▶ **Problem**:
Return only the lines from the top of the data down to the one that holds "Paper Mario: The", both included, without any pictures.

▶ **Dataset extract**:

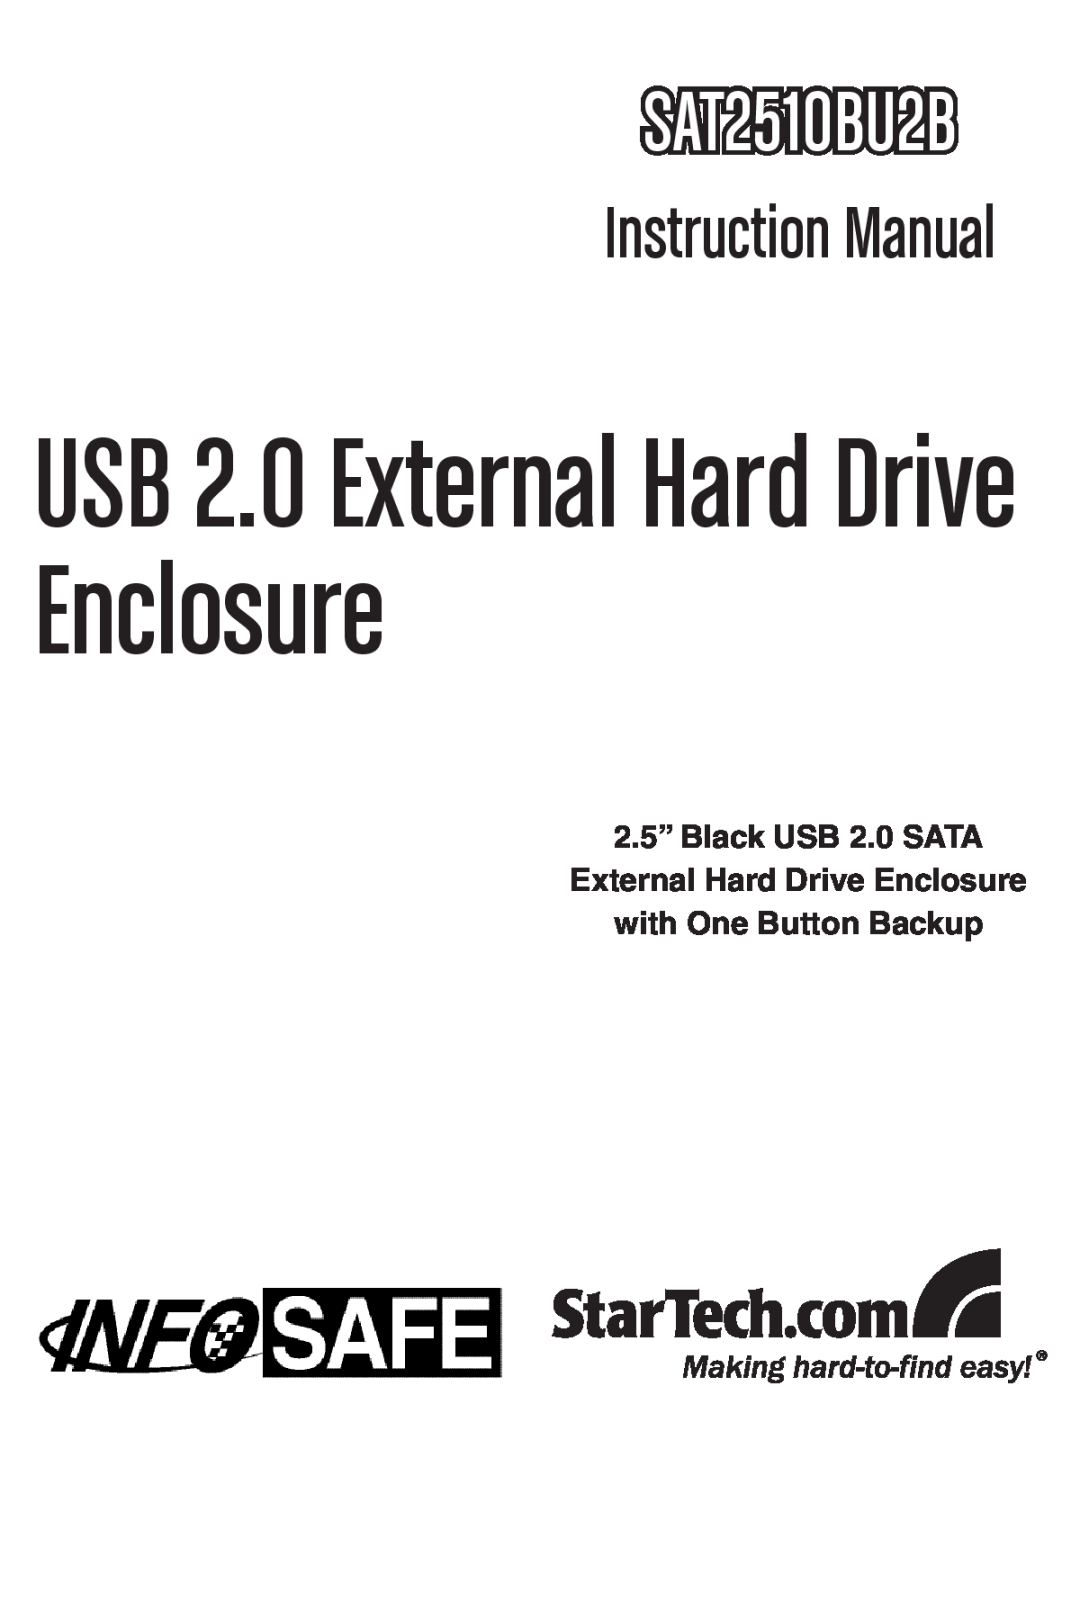 StarTech.com SAT2510BU2B instruction manual 2.5” Black USB 2.0 SATA External Hard Drive Enclosure, with One Button Backup 
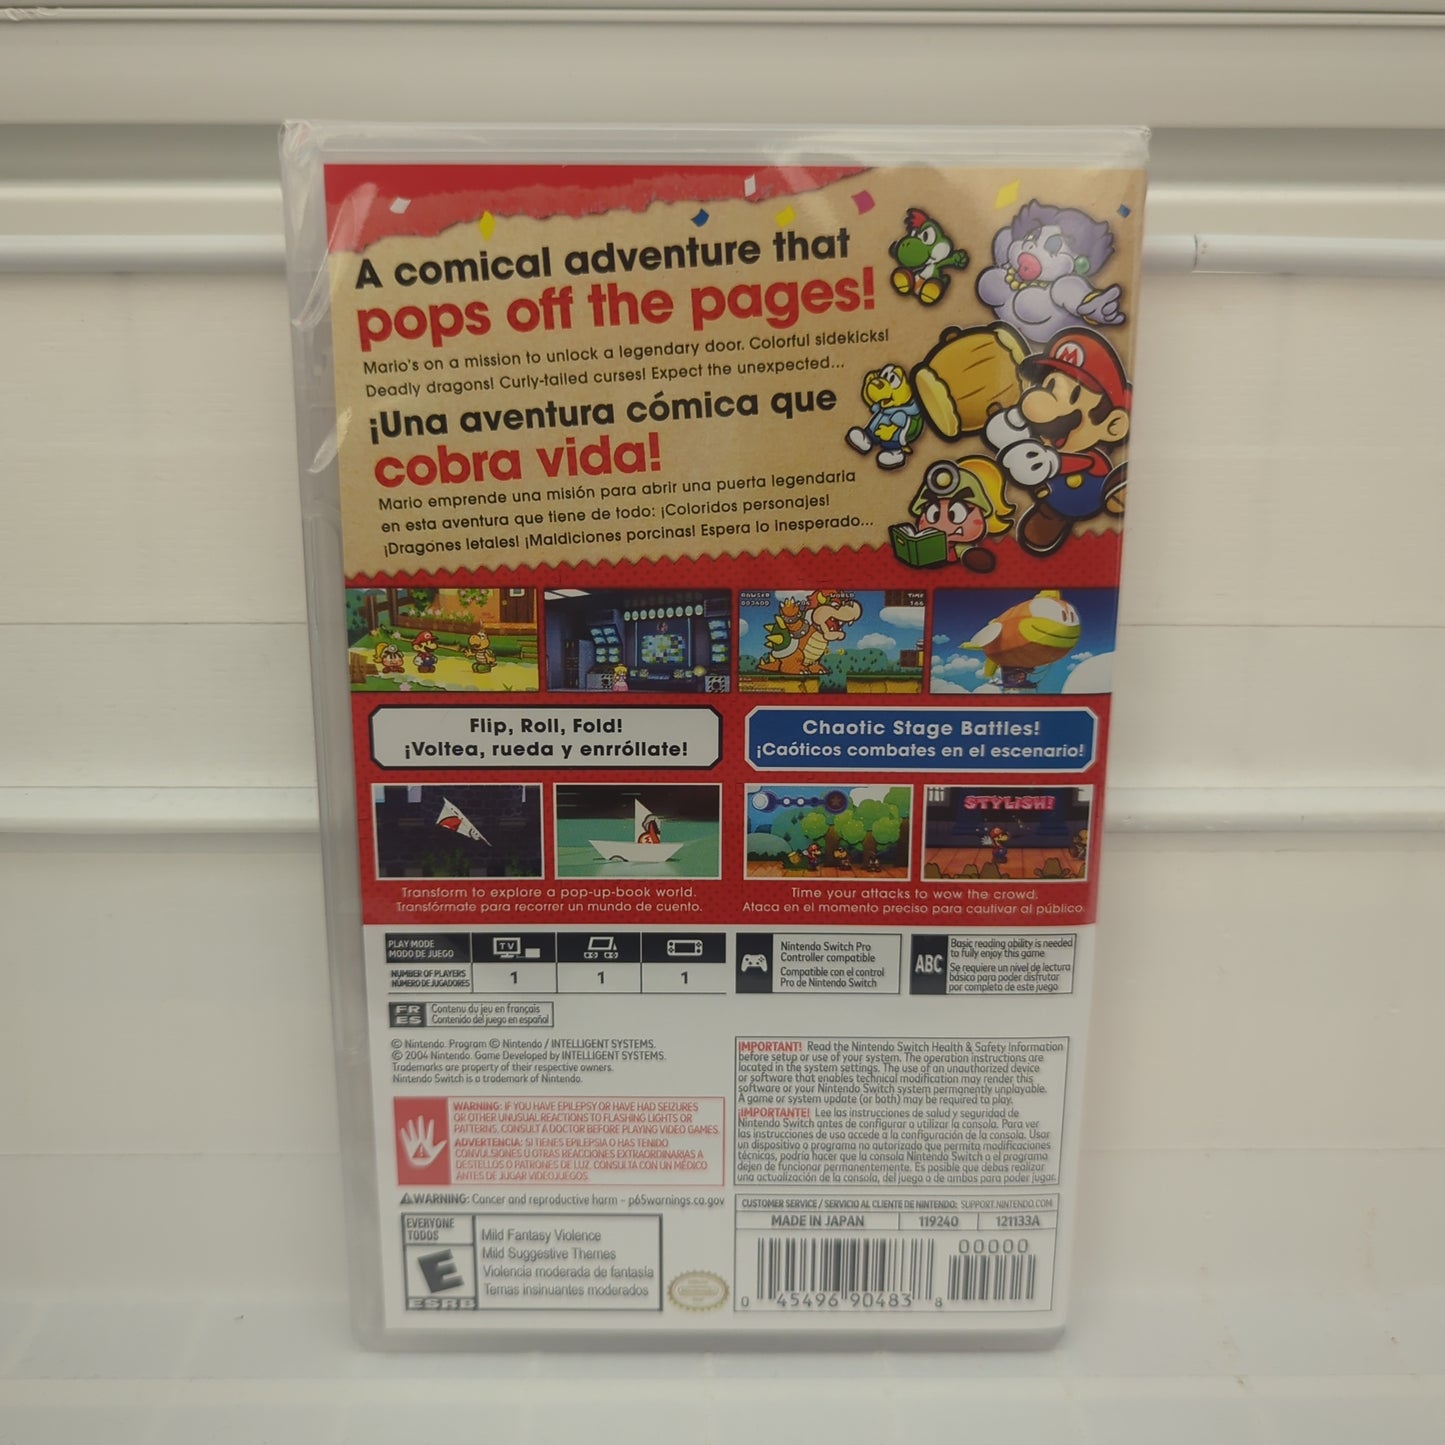 Paper Mario: The Thousand-Year Door - Nintendo Switch
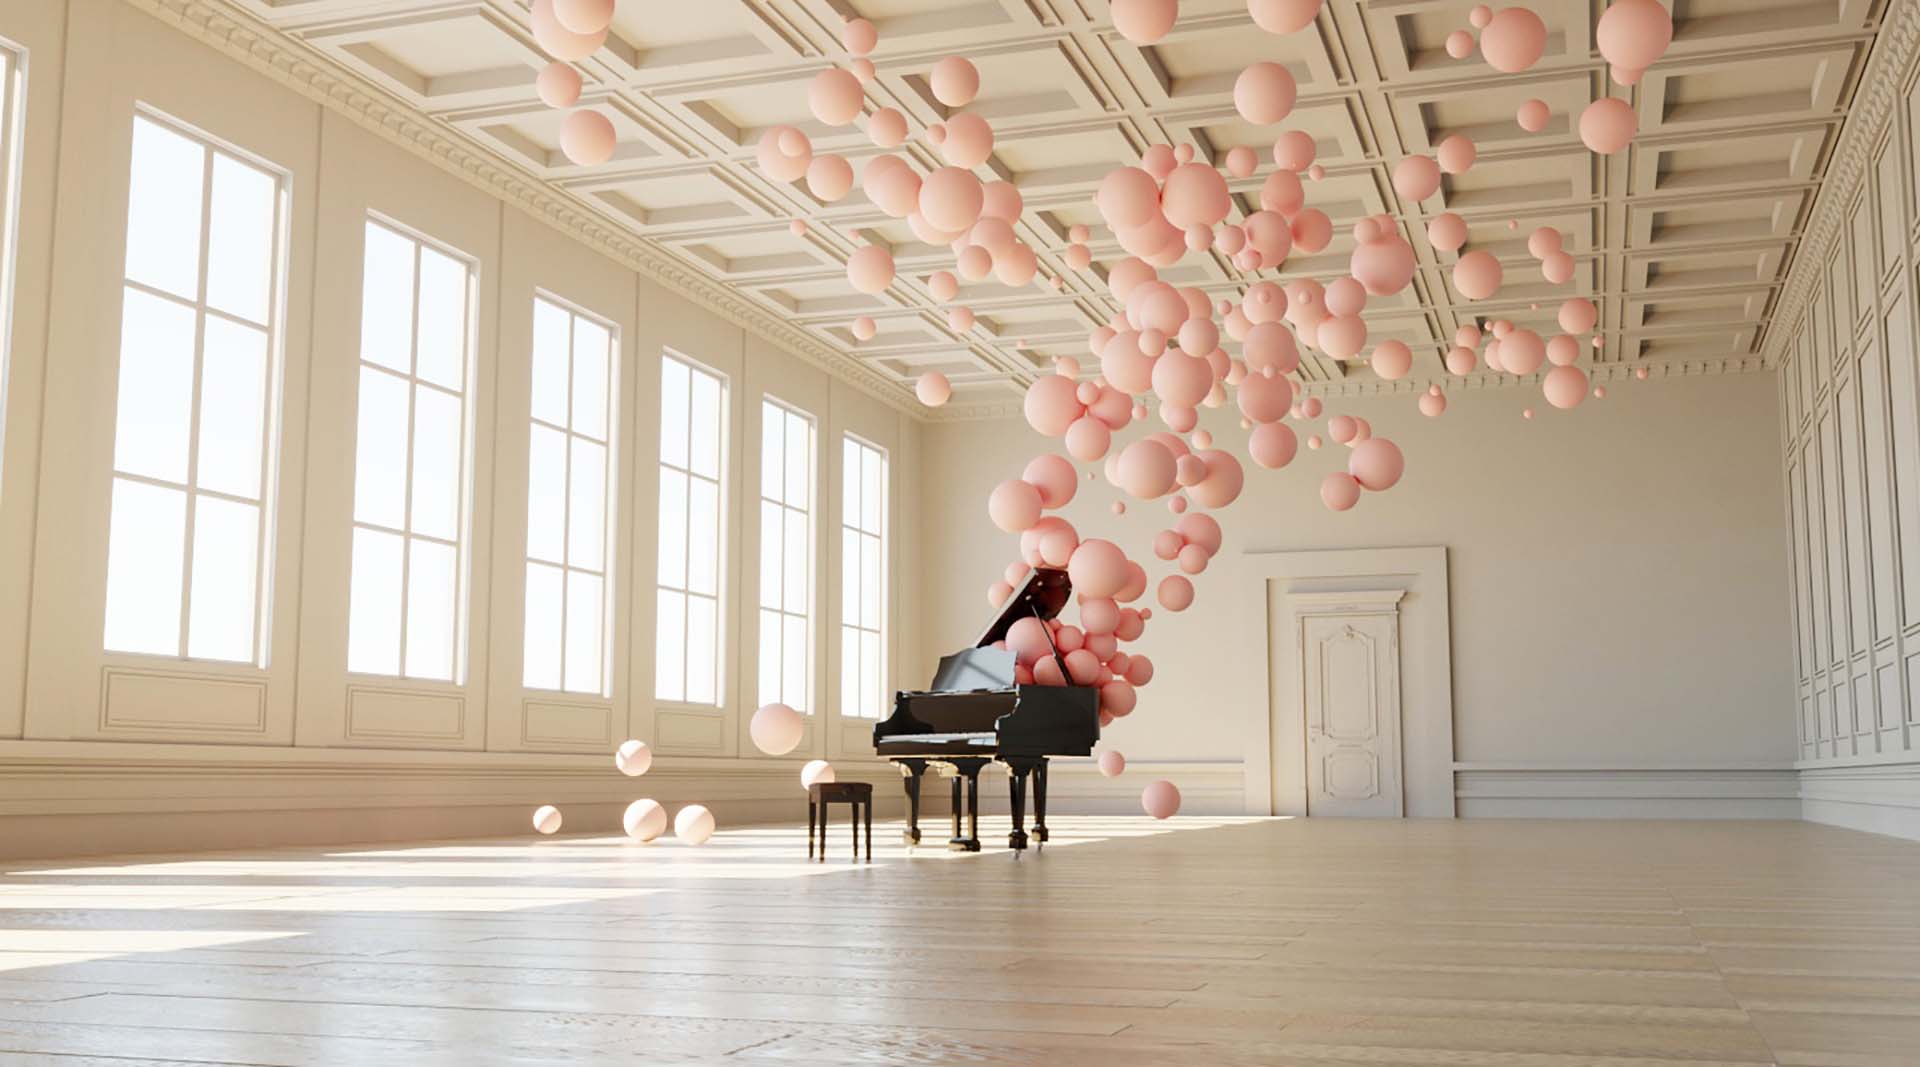 design-motion-3d-photography-octane-redshift-corona-art-visual-animation-render-style-graphic-piano-music-beauty-digital-balloon-art-pink-interiordesign-federicopicci

▶ **Solved problem**:
 StarTech.com SAT2510BU2B instruction manual 2.5” Black USB 2.0 SATA External Hard Drive Enclosure, with One Button Backup 
 Paper Mario: The Thousand-Year Door - Nintendo Switch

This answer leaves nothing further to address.